The new instructions cannot be used in place of int/iret in general,
only a few special cases will work. Right now that is just the system
call fast path (signal handling might eventually benefit too, see below).
Even with this minimalistic approach several problems surfaced...

[Ingo, i believe most of the issues mentioned below aren't handled by
your patch, hence the cc.]

PTRACE

ptrace accesses the registers saved on the stack at fixed offsets and
therefore either needs to be tought about the new entry point, or we
have to emulate the stack layout. I tried a few different solutions, but
ended up using the int80 slowpath. This means absolutely no changes to
ptrace internals are required; it simply works. Yes, you can even strace
a process using SYSENTER with an int80 based strace and v/v. The cost of
always setting up the int80 stack is iirc over a dozen cycles, but as
it's also necessary for other things (listed below), it seems acceptable.

RESTORING EFLAGS

With int80/iret the cpu handled eflags for us, with systenter/exit
this is no longer the case. While we can drop the condition codes, we
cannot do this for the other special flags. As the cpu might have been
rescheduled, we could be returning to userspace with a different IOPL.
Trust me, you really don't want that. :)

SIGNAL HANDLING
SYSCALL RESTARTING

These two are related, but not identical. Basically do_signal()
can end up modifying the registers on the stack, and then you
need to handle it differently. syscall restarting is even more
interesting -- even if we were picking up the new EIP (and it
would be correct, because both int80 and sysenter are two bytes)
sysexit would clobber two registers which contains the syscall
arguments. Right now we unconditionally fallback to IRET,
though with small changes to the signal code, it may very well
be possible to use the fast path more aggressively.

EXEC

execve(2) needs to return to userpace with some registers set up
in a special way; EDX is expected to contain a function pointer.
As SYSEXIT helpfully clobbers that one we loose. The solution is
simply not to call exec with SYSENTER (an alternative could be to
change execve() to always use the IRET return path, similarly to
the way vm86() does.)

INTERRUPT FLAG

SYSENTER always turns off interrupts, and gives us no way to
determine the original value of this flag. So we have no choice
but to always return with irqs on. I guess not a big problem,
although it is noticable when benchmarking syscalls. :)

5+ ARG SYSCALLS

Not yet supported. I had a plan for a relatively cheap way to
support five args, but with Linus' recent addition of a six arg
variant it would no longer completely solve the problem. Note these
often are complex (read: slow) syscalls, so that in many cases
wouldn't be a big problem. Still, I'd like to play with select() etc.
This could be solved by a (or more) wrappers that fetch the extra
args. But all of this might change if the global pseudostubs become
reality (in general a good idea, but for the sysenter case could
mean added complexity. The benefits of having the same code handle
intel/amd/transmeta/whatever cpus may or may not outweight this.)

KERNEL STACK

A SYSENTER intructions takes the stack pointer from an MSR register.
As we need a per thread kernel stack the obvious solution is to
update that MSR while swithing to a new thread. Well, there are two
reasons why i'm not thrilled with that:
(1) it means a SEP capable cpu needs a different switch_to from one
w/o sysenter. I'd like to have sysenter not dependendent on any
compilation flags and this means extra if()s to check for SE
support. (while fixups tricks may work on older cpus i wouldn't
trust clones) If support for other methods emerge it could make
things even more complex.
(2) an MSR write takes at least 80 cycles.

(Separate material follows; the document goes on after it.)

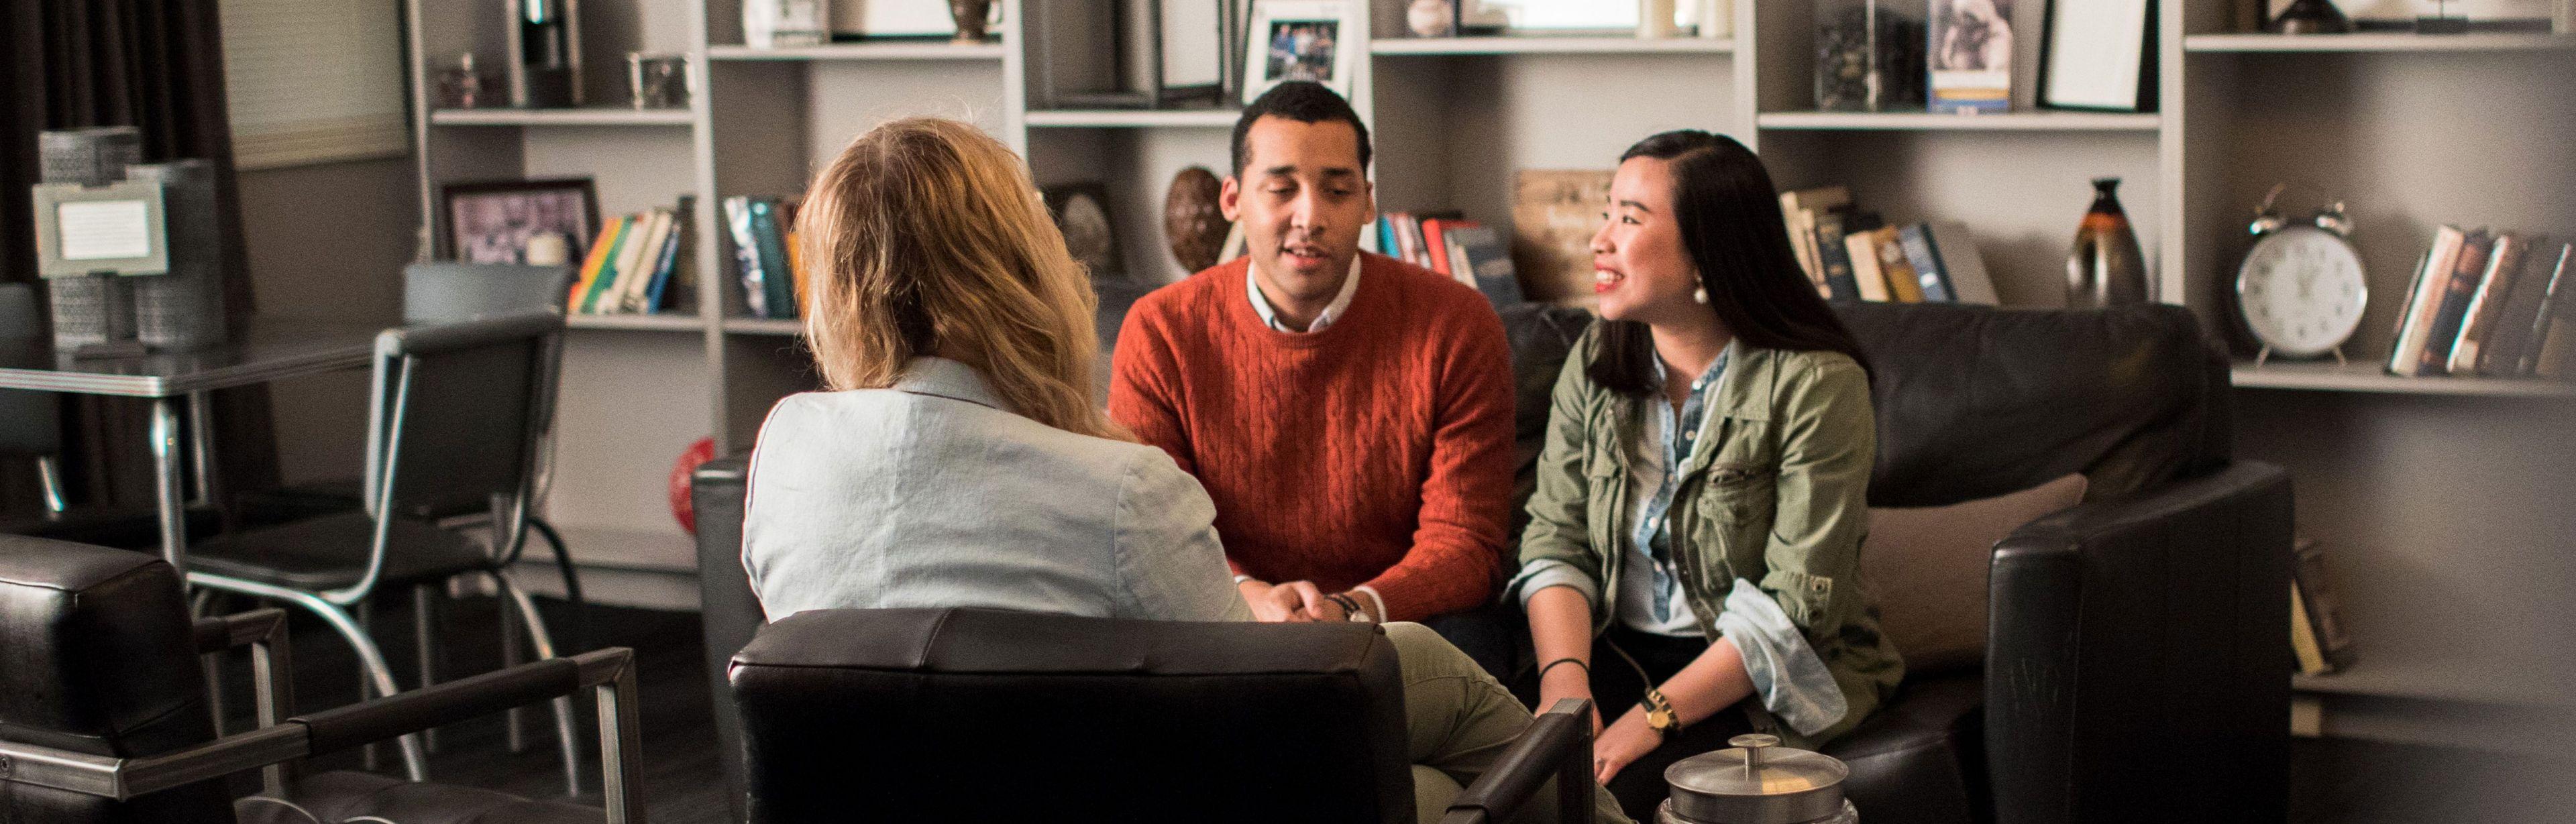 School Of Behavioral Sciences – Bachelor's Degrees

So how could this be avoided? Well, sysenter masks off interrupts,
right? So we can store a pointer to a per-cpu area in the MSR _once_
while initializing, make switch_to store the new threads kernel stack
address in the that area (a simple smp_processor_id indexed store),
and start the system call with fetching the real stack pointer,
followed by turning interrupts back on. Total cost for the syscall?
Two cycles. That's ~1.33%. In return we save the 80 cycles while
switching threads, and, perchaps more importantly, no cpu capability
checks are necessary anywhere once we've initialized the cpus - zero
CONFIG_ dependecies.
[though vm86 handling could change this, see below]
Note that the intel didn't go all the way, and we still can could a
NMI before the first instruction (which corrects the stack). Making
sure that that per-cpu area has enough room to be used as a
temporary stack would be enough to solve the problem, unfortunately
the linux NMI code assumes stacks are switched atomically and always
valid. Changing these assumptions may be possible, but it's probably
easier to just add a check for this special case to the NMI entry
point and make it switch to the correct stack before continuing.
This is not going to happen that often anyway.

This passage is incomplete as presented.